Tuesday 28 December 2010

Gender and the limits of empiricism

There is a tendency in Western culture (and it seems to be no different within "scientific" circles) to bring to bear implicit metaphysical principles. This is particularly the case with regard to gender. I had a discussion with someone recently, who stated that if we got the average man to compete against the average women in sports, we would be able to determine, from the outcome of their competition, something about their intrinsic natures. This is the kind of thinking that reaches for a metaphysical interpretation of gender, whilst to some degree already having assumed one.


What is it about "averageness" that somehow denotes truth to us? The average (median? or mean? or modal?) woman may not necessarily contain any more of a specific "feminine" essence than the women at the more extreme ends of the scale. At the same time, since "essence" is a social construct and therefore illusionary, extremes may only yield us empirical data about extremes. They do not necessarily furnish us with instrinsic meaning about the fundamental characteristics of identity.

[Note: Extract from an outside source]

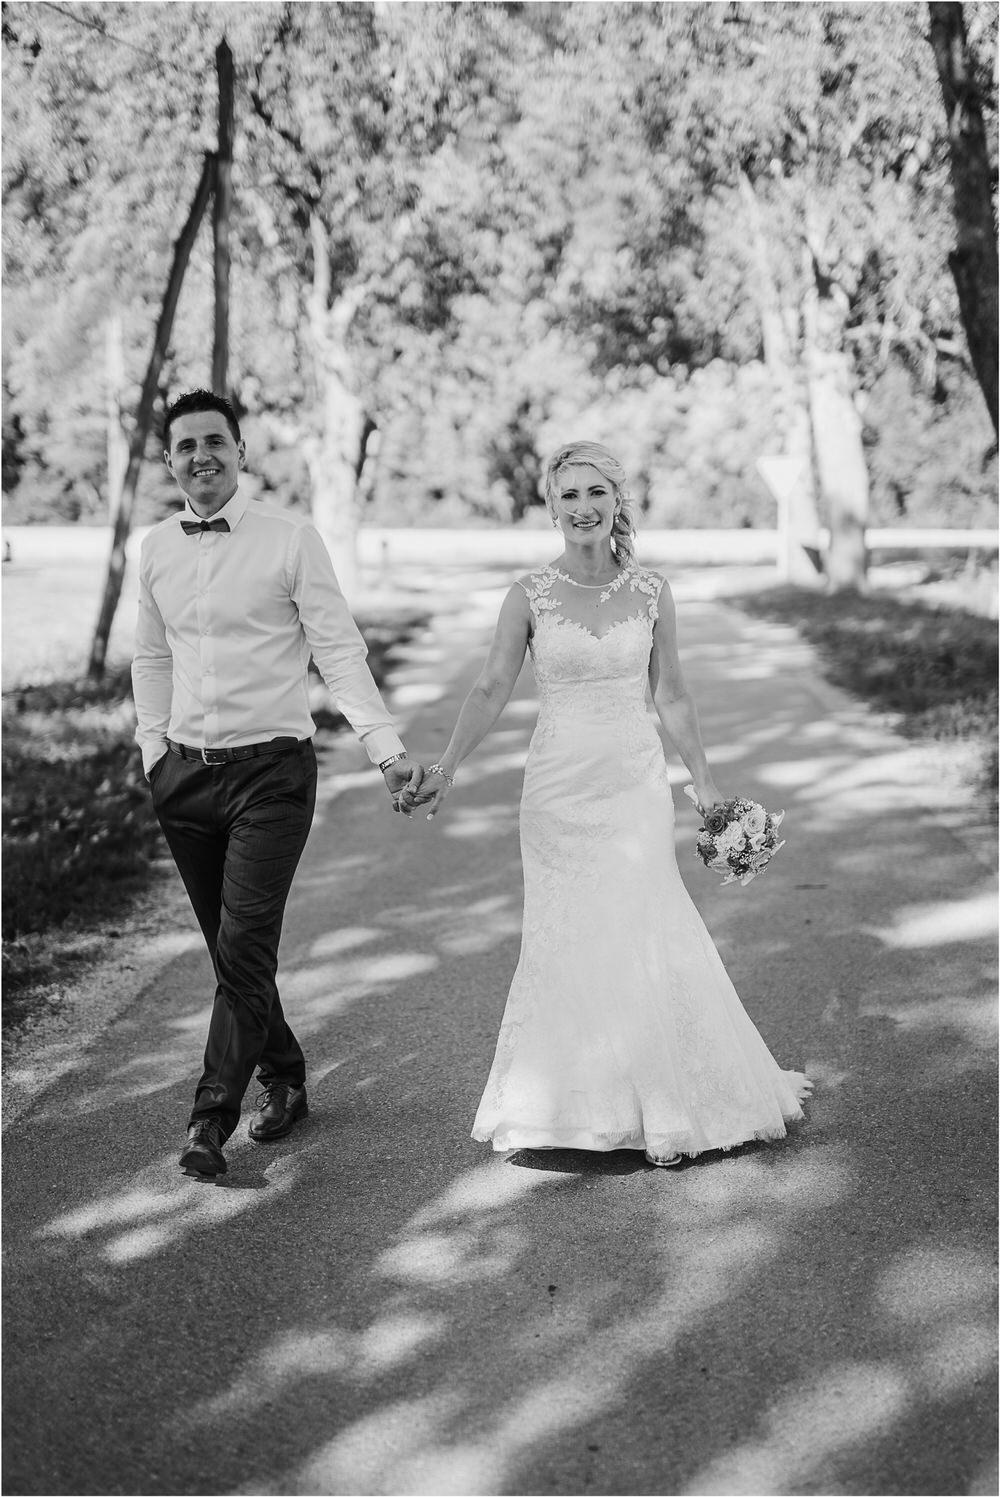 slovenia maribor wedding goriska brda poroka porocni fotograf slovenija porocno fotografiranje maribor ljubljana zemono svicarija 0058.jpg

In any case, what generally happens is that "essences" are postulated on the basis of some anticipatory projection. Next, they are looked for in the concrete realm of things and somehow the lens that focuses on "essences" is sharpened by each and every "new" empirical discovery of what had already been assumed. Notions of fundamentally different male and female essences thus become more and more fixed. Identity itself becomes a product of reified ideas, as we modify our own behaviour in order to fit more perfectly in line with our attributed "essence". Thus, essentialised thinking and behaviour are both socially constructed with a putatively empirical pretext.


It would seem that metaphysics is responsible, since it invades our thoughts even when we try to be objective. Indeed, if we were to be truly objective, we would see the world as being hard to compute and in a state of flux. So, we are inclined to use metaphysics as a way to stabilise our perceptions and to develop a comforting sense of order even in the face of its absence. At the same time, our desire to see order and our anticipating of it ultimately creates different kinds of concrete order where none had previously existed.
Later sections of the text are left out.